How do I copy the audio to a file which may then post here ?
Got any ideas about how this can get radio talk time ?
In Public Utils. Comm'n v. Pollack, 343 U.S. 451, 72 S. Ct. 813 (1952), the argument was made that the First Amendment guarantees an individual the freedom to listen only to such points of view as he wishes to hear. However, because there was no substantial evidence that radio programs had been used for objectional propaganda, the Supreme Court declined to consider that argument.
Although the Supreme Court in Pollack did not decide whether an individual has a First Amendment right to listen only to points of view which he wishes to hear, the holdings of other Supreme Court cases support the conclusion that such a constitutional right does exist under appropriate circumstances.
In defining the broad spectrum of free speech rights guaranteed by the First Amendment, the Supreme Court has established that an individual has the right to speak, the right to remain silent, and the right to receive information.
The obvious right guaranteed by the express language of the First Amendment is an individual's right to free speech. (Cf. Griswold v. Connecticut, 381 U.S. 479, 482, 85 S. Ct. 1678, 1680 (1965)).
Concomitant with the right to speak is the right not to speak. In Board of Educ. v. Barnette, 319 U.S. 624, 63 S. Ct. 1178 (1943), a local school board adopted regulations requiring school children to recite the Pledge of Allegiance. A child's failure to participate was punishable as insubordination. Members of the Jehovah's Witnesses brought suit to enjoin enforcement of the regulations. The district court granted the injunction and the school board appealed.
The Supreme Court affirmed the district court holding that it was unconstitutional for the school board to compel children to recite the Pledge Of Allegiance. The majority reasoned that it would be inconsistent if the First Amendment protected an individual's right to speak his own mind, but did not protect him from others who would compel him to speak what was not in his mind. (63 S. Ct. at 1183).
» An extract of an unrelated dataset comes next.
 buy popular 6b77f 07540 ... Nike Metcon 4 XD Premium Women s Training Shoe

The Supreme Court further reasoned that it was more important to protect individual freedom of mind than to sanction compelled uniformity. (63 S. Ct. at 1135).
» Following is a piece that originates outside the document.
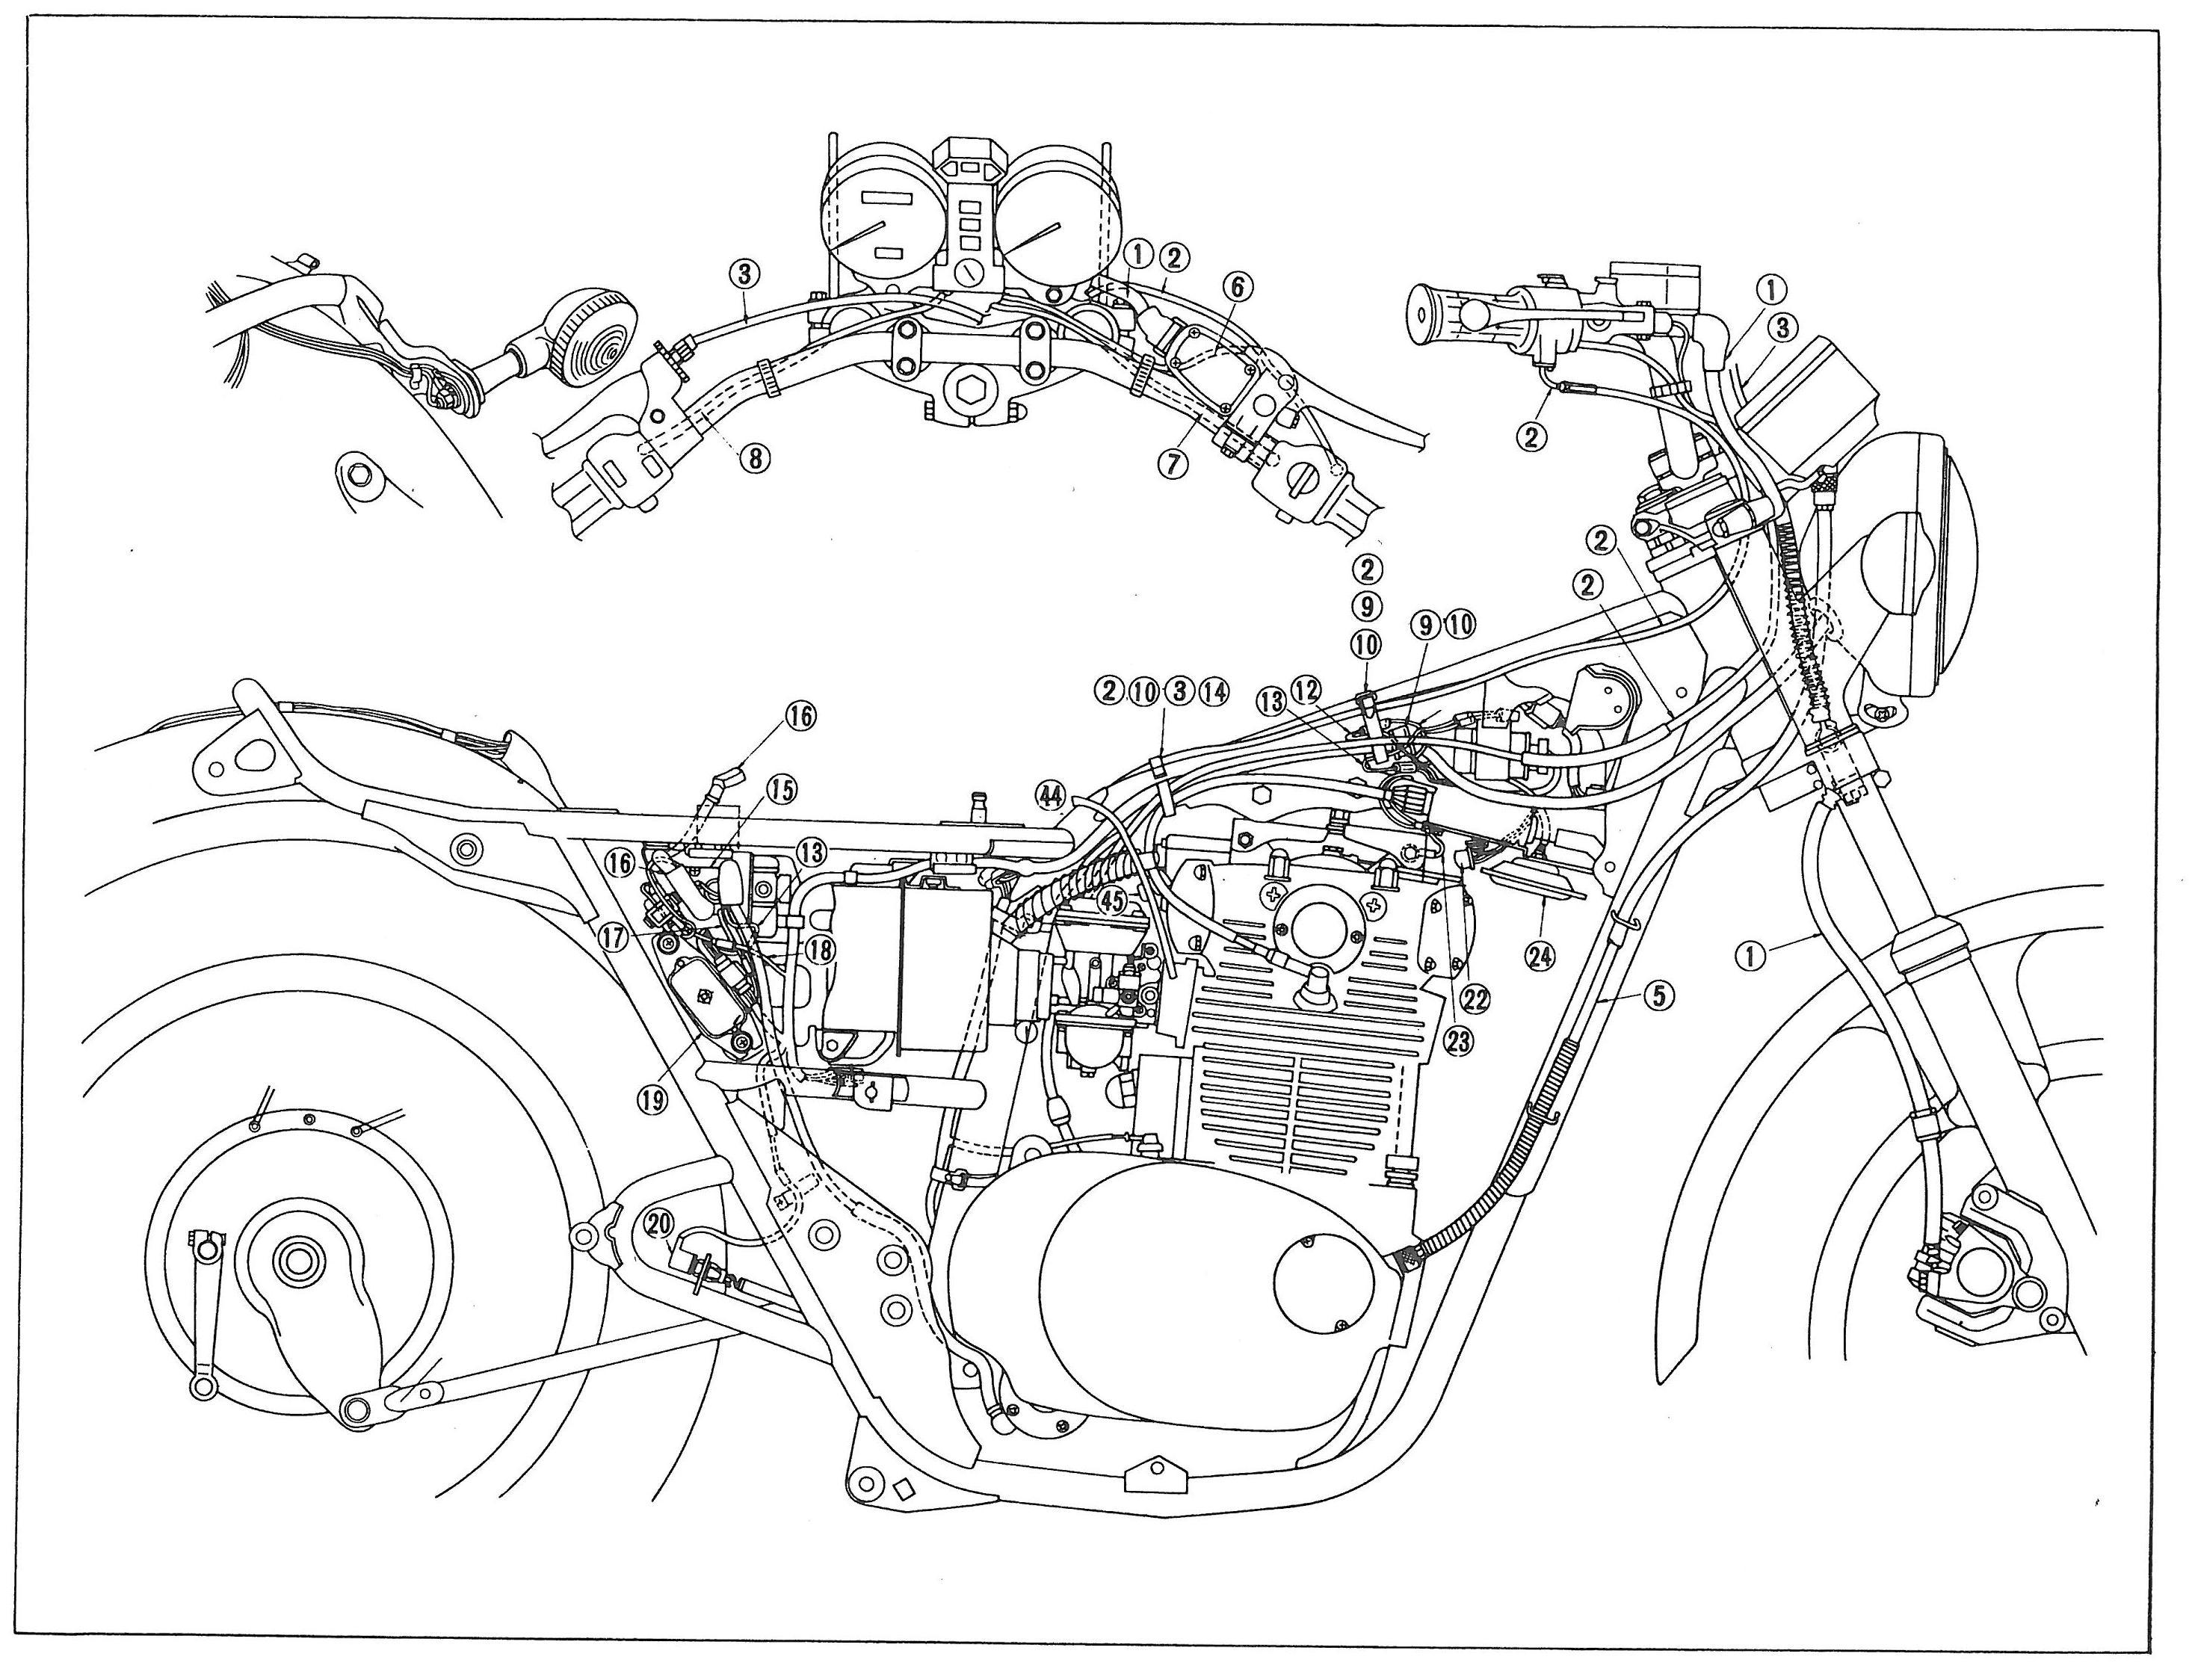 medium resolution of xs650 engine diagram wiring diagram toolbox 1981 xs650 engine diagram

Finally, the Court concluded that compelling children to recite the Pledge of Allegiance invaded "the sphere of intellect and spirit" protected by the First Amendment. (63 S. Ct. at 1187).
The holding in Barnette was reaffirmed in Wooley v. Maynard, 430 U.S. 705, 97 S. Ct. 1428 (1977). In Wooley, a New Hampshire statute required noncommercial vehicles to bear license plates embossed with the state motto, "Live Free or Die." Any person who knowingly obscured the numbers or letters on a license plate was guilty of a misdemeanor.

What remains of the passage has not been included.